5 tips for toddlers that love to say ‘no’

Kinderling News & Features

When your tot reaches their independent (read: defiant), only-says-no stage, you’ll want to rip your hair out. Once-simple daily tasks like putting on clothes, eating breakfast and hopping into the car become a full-blown war between parent and child. And the certainty with which they shout the two-letter word is intense!

The fact of the matter is, this is completely normal for all toddlers as they build their confidence and find a place in the world. And while, it’s a time period you can expect, here are a few ideas for minimising the negativity.

1. Think about your speech

Don’t you hate it when articles like this hold up a mirror and ask you to look at how you might be influencing your child’s behaviour? I hear you, that’s annoying! But when it comes to speech and language development, toddlers really are learning through repetition and the interaction they have with the adults in their life, so please bear with me.

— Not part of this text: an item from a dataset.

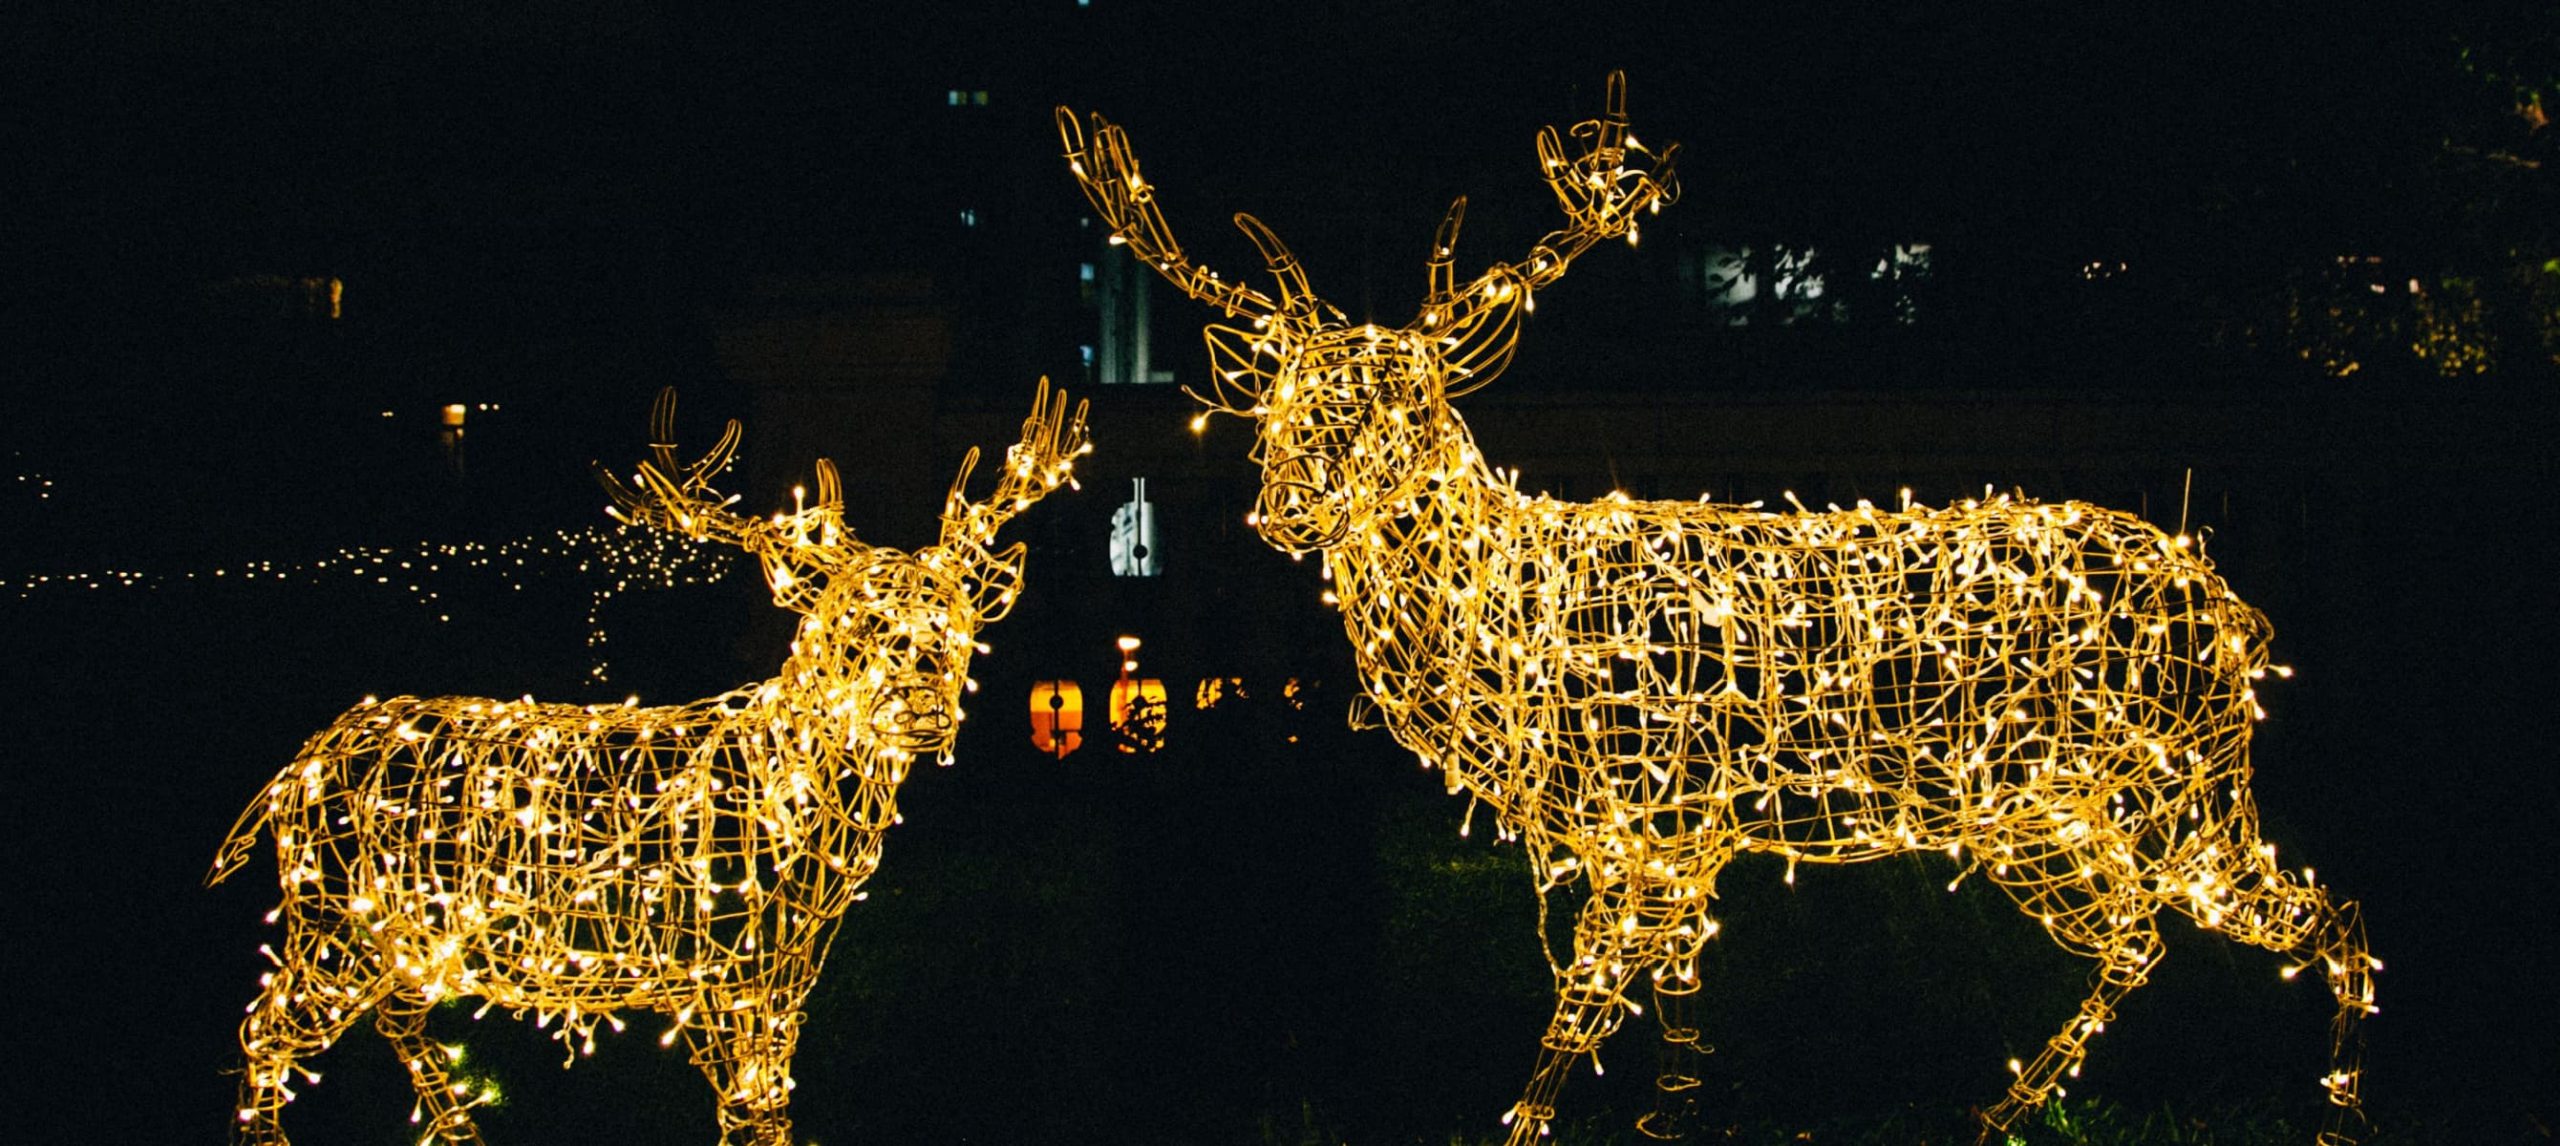 Reindeer Christmas lights

Without thinking about it, you may actually be saying ‘no’ a lot these days and using more negative language yourself. “Don’t touch that.” “Stop that.” “I said no!” are just some of the things we often say when parenting little ones. It’s understandable. I get it and I do it too with my own. But if you are sick of hearing the N-word come out of your own mouth, you can try rephrasing things in a positive way, so your toddler also hears it less.  

Listen to Kinderling Conversation:

So instead of saying, “No more screaming” you could say, “Please use your quiet voice” or “Don’t climb the chair” could be rephrased to, “Off the couch please. Put your feet on the ground.”

2. Avoid using questions

If ‘no’ is your toddler’s default answer to everything, try stating things instead of asking. For example, rather than asking, “Would you like a bath?” you could simply say, “It’s time for a bath!” and not give the option of telling you they don’t want one.

3. Offer alternatives

If given a choice, your toddler will feel like they have some control and this may alleviate the desire to be so assertive. You could try giving two choices so as not to overwhelm them. For example, “Would you like a banana or an apple?” 

4. Allow some independence

Your tot will often scream “nooooo!” because they’re frustrated at having little or no autonomy. Try giving some control and you may find they don’t feel the need to say “No!” so much. This could be letting them wear a princess outfit instead of the sensible shorts and t-shirt you’d picked out to wear to the shops, or letting them climb into the car seat instead of being forcibly plonked in it and strapped in.

5. Remember it’s a phase

If all else fails, try to remember the ‘no stage’ is something they’ll grow out of and it won’t last forever. Just like the ‘needing to be rocked off to sleep phase,’ this too shall pass. Hang in there!